The schemes start from the first page, with a white boy stealing some corn and then trying to force some of the slave boys to take the blame. On the next page we see the lies of white religion. Here this is not presented as hypocrisy but rather as a vulgar attempt to deceive slaves. A page later we learn that Green’s mistress is an adulteress, keeping two lovers on the side, a situation that led to legal shenanigans when one put gunpowder into the other’s pipe. The first time Green was flogged, he was framed by his master’s son for firing a pistol. I could go on. These are just in the first few pages. They are building up to Green’s three major schemes, his escape attempts in 1839, 1846, and finally in 1848.

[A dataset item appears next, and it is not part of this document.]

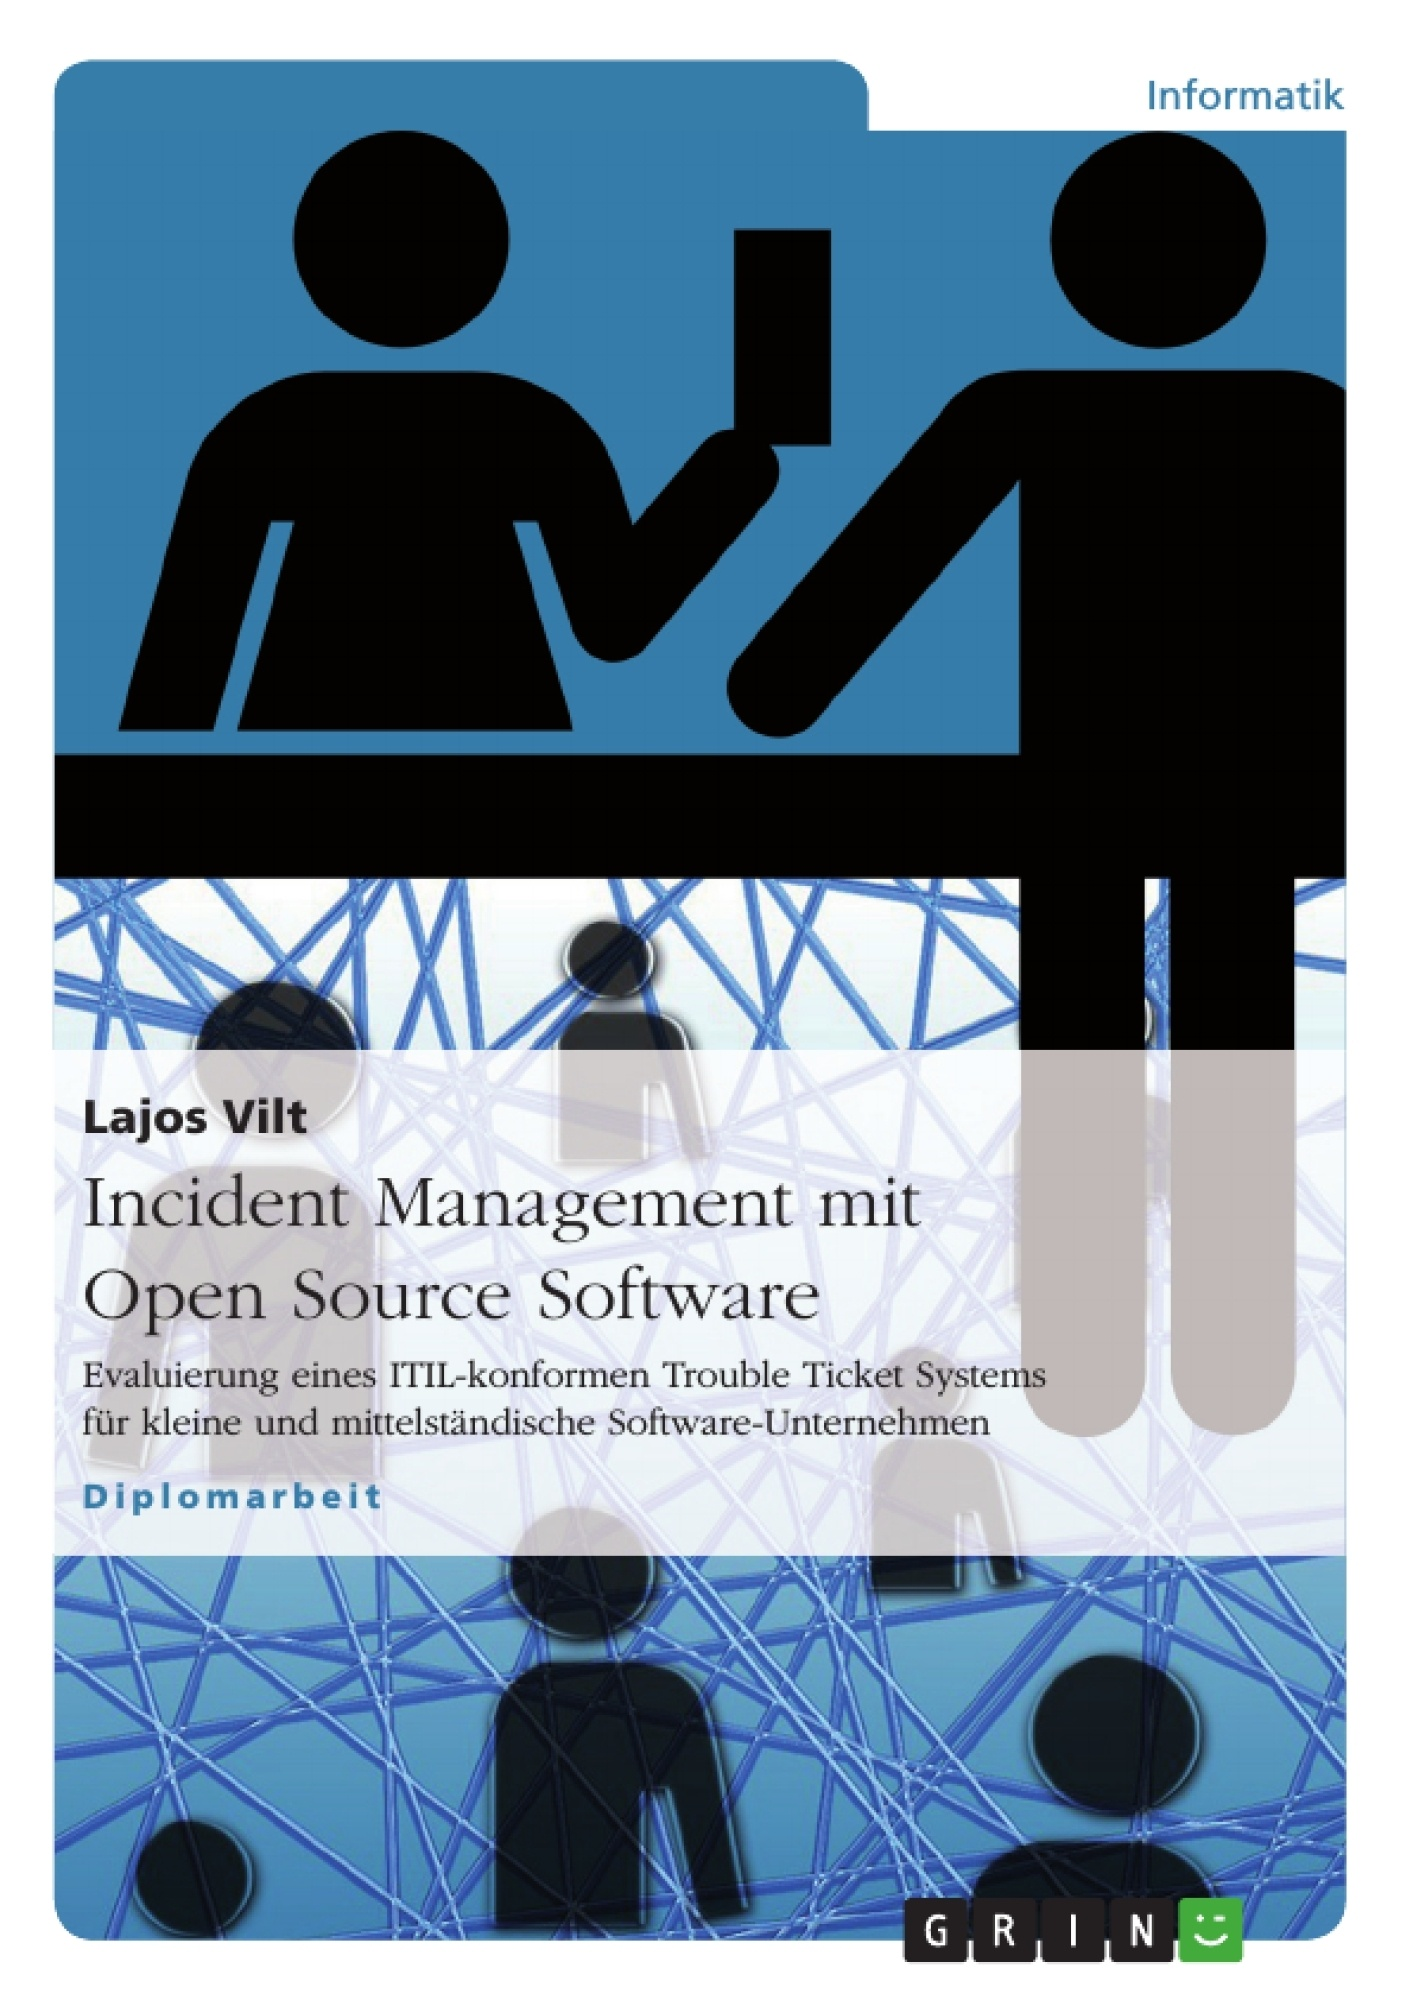 Titel: Incident Management mit Open Source Software

Although there is a rather playful side to Green’s narrative rooted in the mutual use of tricks, not far under the surface is the same descriptions of the horrors of slavery that define the slave narrative genre. One of the most memorable in this little book comes from Green’s experience in a slave auction. His was the closest I have seen in an original source describing how slaves were “packaged” during these auctions. He also dwells on the experience of an enslaved woman, Sally, who had to watch as her family was split up during one horrifying day at the auction. When she begged for her family to be sold as a unit, she was struck on the head and killed. Ruben, Sally’s husband then attacked his master, beating him to death, before being shot himself. Green later composed a long poem about Ruben’s death. In many ways, this is the true climax of the narrative. In comparison, Green’s final escape seems mundane. This climax is a reminder that violence was the reason slavery survived.

In a way, what Green is trying to say is that neither masters nor slaves were fooling each other. Both sides knew they were being scammed by the others. When the stakes were small (a night of freedom, stolen food) this could really appear to be a game. It was not a game, however. When the stakes were high, the brutal and tyrannical nature of the system came down on its victims, or in rarer cases the frustrations of those on bondage exploded. Green, the slave trickster, ends his tale with deadly seriousness.

Henry Bibb: “Narrative of the Life and Adventures of Henry Bibb” (1849)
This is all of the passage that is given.